TL;DR We discuss adding (uint conditionType, bytes condition) to executable signed messages, and employing these fields to enable meta txes conditioned on EVM events.

Note: Conditional execution is costlier in terms of gas, but this shouldn't add much overhead to non-conditional txes.

Modifications to executable signed messages

As there are multiple ways to make transactions conditional, including by time, by checking state or by occurence of events, in addition to the data necessary for specifying the condition, we could add a condition type, which specifies how to parse the condition data.

Condition type

ConditionType Purpose
0x0 Not conditional (default)
0x1 Time-based condition
0x2 EventLog occurence

Condition data

For EventLogs, the condition could be the RLP-encoded concatenation of (address emitter, bytes32 eventTopic).

Relayer

Relayers would store conditional meta txes, and when the event specified by one of the meta txes is emitted, they compute a proof for the receipt that contains the event log, and send it along with the block header and index of log in receipt to the smart contract.

On-chain verification

For an incoming meta transaction which has a conditionType == 0x2:

  • Block header sent by relayer is parsed to get block number and receiptHash.
  • Hash of block header should be equal to blockhash(blockNumber).
  • Proof sent by relayer for receipt should be verified against receiptHash.
  • Log is extracted from receipt (according to logIndex).
  • emitter and eventTopic should match those of extracted log.
  • Smart contract executes meta transactions.

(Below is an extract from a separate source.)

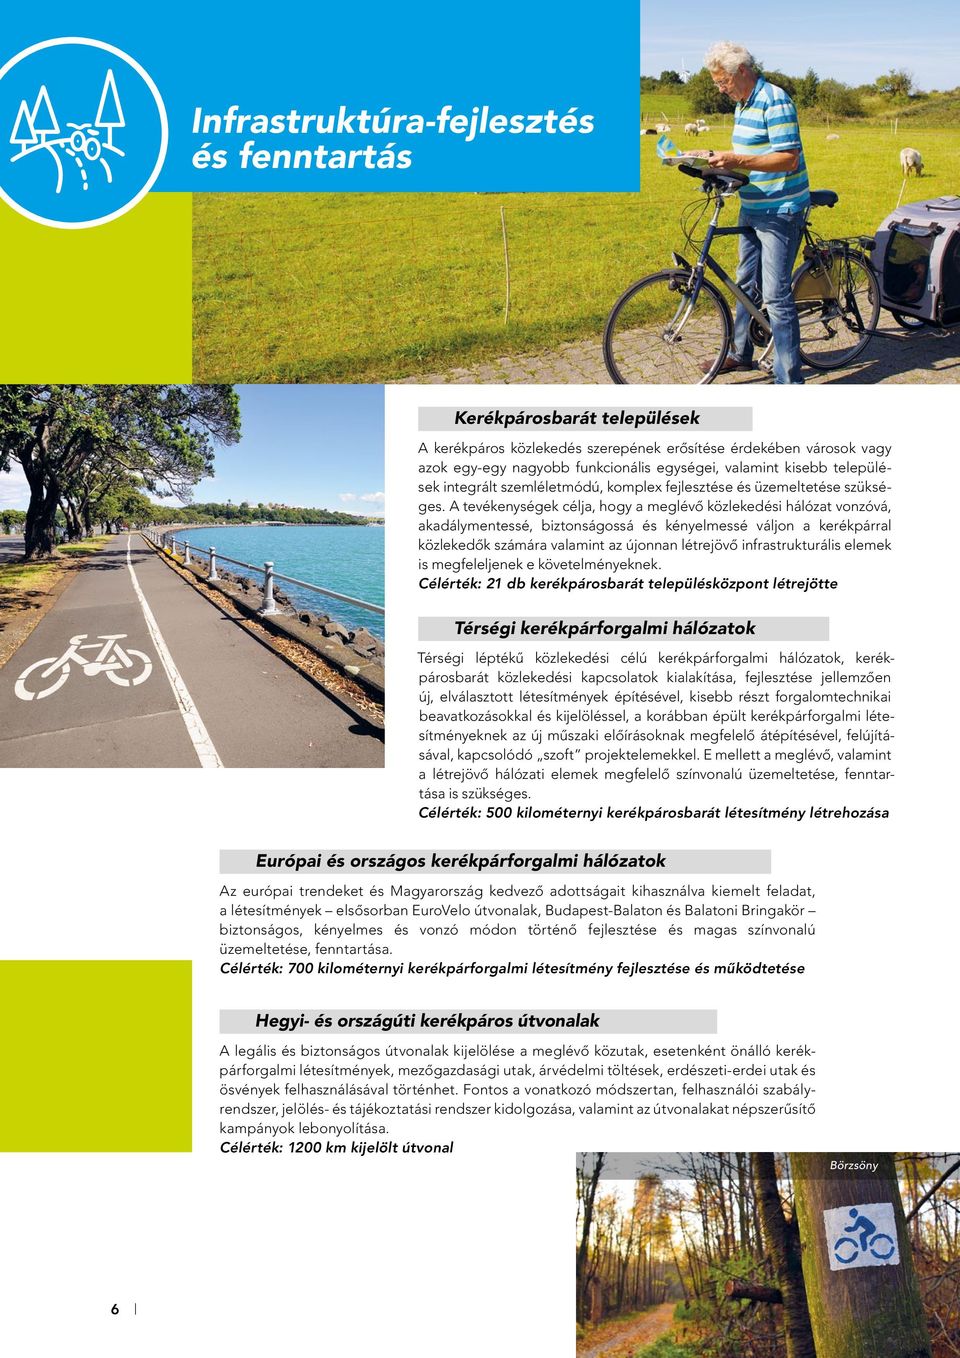 A tevékenységek célja, hogy a meglévô közlekedési hálózat vonzóvá, akadálymentessé, biztonságossá és kényelmessé váljon a kerékpárral közlekedôk számára valamint az újonnan létrejövô

Example for verifying proof.

Challenges

Meta transactions pre-specify the data field, which determines which function should be called, and what parameters should be used. This means, the arguments of the event can't be used for the transaction as they will be determined in future, and user can't sign it. This severely limits the flexibility of event conditions.

Ideally, users (or dapps) should be able to specify conditions on the event values, and use them in the transaction. E.g. whenever a Transfer(address from, address to, uint256 amount) was emitted, if from == SOME_ADDR compensate them with the same amount.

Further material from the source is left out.